Jets are thus detected in 65 to 80% of weak radio galaxies, and in 40 to 70% of extended QSRs; but (with similar instrumental parameters) in only < 10% of distant galaxies similar to the QSRs in radio power (49, 139, 173). Among the extended 3CR2 QSRs, the jet detection rate increases with the relative prominence fC = Score5 / Stot1.4 of the radio core, apparently regardless of redshift: all six QSRs with fC > 0.03 (but only two of the six with fC < 0.005) have jets or features resembling the brightest parts of jets. The lack of detectable jets in distant 3CR2 galaxies may be related to their lower values of fc - the median fC in the distant 3CR2 galaxy sample is only 0.0005. The two with detected jets are 3C 200, with fC = 0.018 and weak emission lines, and 3C 341 (Figure 6), with fC = 0.0005 and strong emission lines. The relations between jet, core, and emission-line fluxes of 3CR2 galaxies need clarifying, but the multivariate (Ptot, Pcore, Poptical) luminosity function for radio jets may contain clues to the physics of energy transport in these sources. We urge observers to publish integrated flux densities of jets and lobes separately, to allow study of this function.

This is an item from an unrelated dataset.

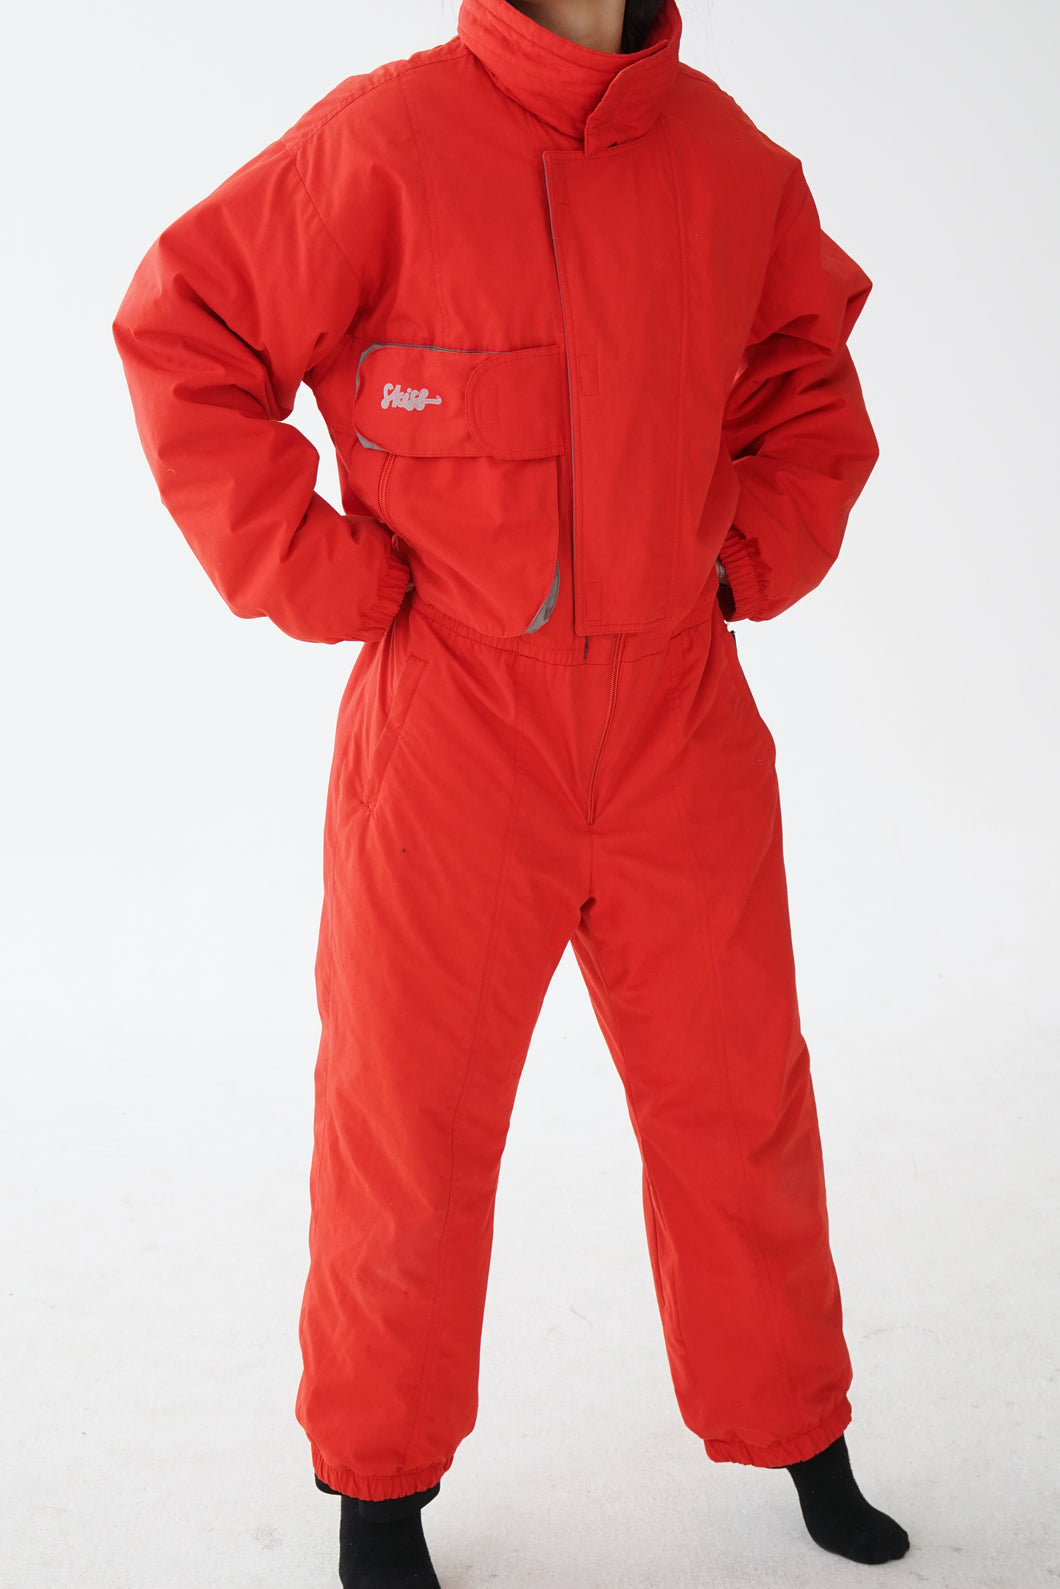 One piece Skiss ski suit, snow suit rouge pour homme taille L-XL

Figure 6. VLA map of the jets and cocoon in the distant radio galaxy 3C 341 at 4.9 GHz. Note the narrowing of the cocoon to the right of the figure, and the irregular brightness distribution of the jets (data of A.H. Bridle and E.B. Fomalont, in preparation). |
2.3.1 SPIRAL GALAXIES Several Seyfert galaxies (for a review and references, see 282) with 1021.5 < Ptot1.4 < 1023 W Hz-1 have S-shaped kiloparsec-scale radio structures that may be low-thrust jets being bent and disrupted by the ram pressure of a rotating gas disk. If this is correct, the radio sources in Seyfert spirals may differ from those in ellipticals and QSRs mainly by (a) the smaller power output of the central "engine" and (b) the inability of their jets to escape from the dense, rotating interstellar medium (ISM) of a spiral disk. Interpreting the Seyfert sources as continuous jets (282) is not yet obligatory, however (264). Several edge-on spirals with unusually bright compact cores (121, and references therein) also have radio features extending from their nuclei apparently near the galactic minor axes. The features are as yet too poorly resolved to meet our criteria for jethood (Section 1.2), but if they do result from nuclear activity, they could be weak analogs of jets in elliptical galaxies.
2.3.2 GALACTIC JETS The S-shaped structure of Sgr A West (36, 84) and its relation to the velocities of the [Ne II] lines in the region can be interpreted as the result of collimated outflow from the galactic center at ~ 300 km s-1 (35, 84). The extent to which Sgr A West is a weak parsec-scale analog of more active galactic nuclei is unclear, however; the S-structure has a thermal spectrum (unlike extragalactic jets; Section 4.2), and models involving tidal distortion of infalling clouds also fit the data (84). The binary star SS 433 has the only astrophysical jet whose velocity (0.26c) and precessional geometry relative to us are unambiguous (for reviews and references, see 120, 154). Both the ~ 100 light-day scale of the known radio structure and its typical radio luminosity (Ptot1.4 = 1015.8 W Hz-1) are much less than those of extragalactic jets, but SS 433 allows us to observe the evolution of synchrotron-emitting plasma in precessing supersonic jets directly. There is also evidence for bipolar, and perhaps well-collimated, outflows from star-forming regions in dense molecular clouds - see (55) and (232) for reviews and references. The ability to measure velocities, densities, and temperatures in and around these nearby flows may help to test models of extragalactic jet production and propagation (133, 207).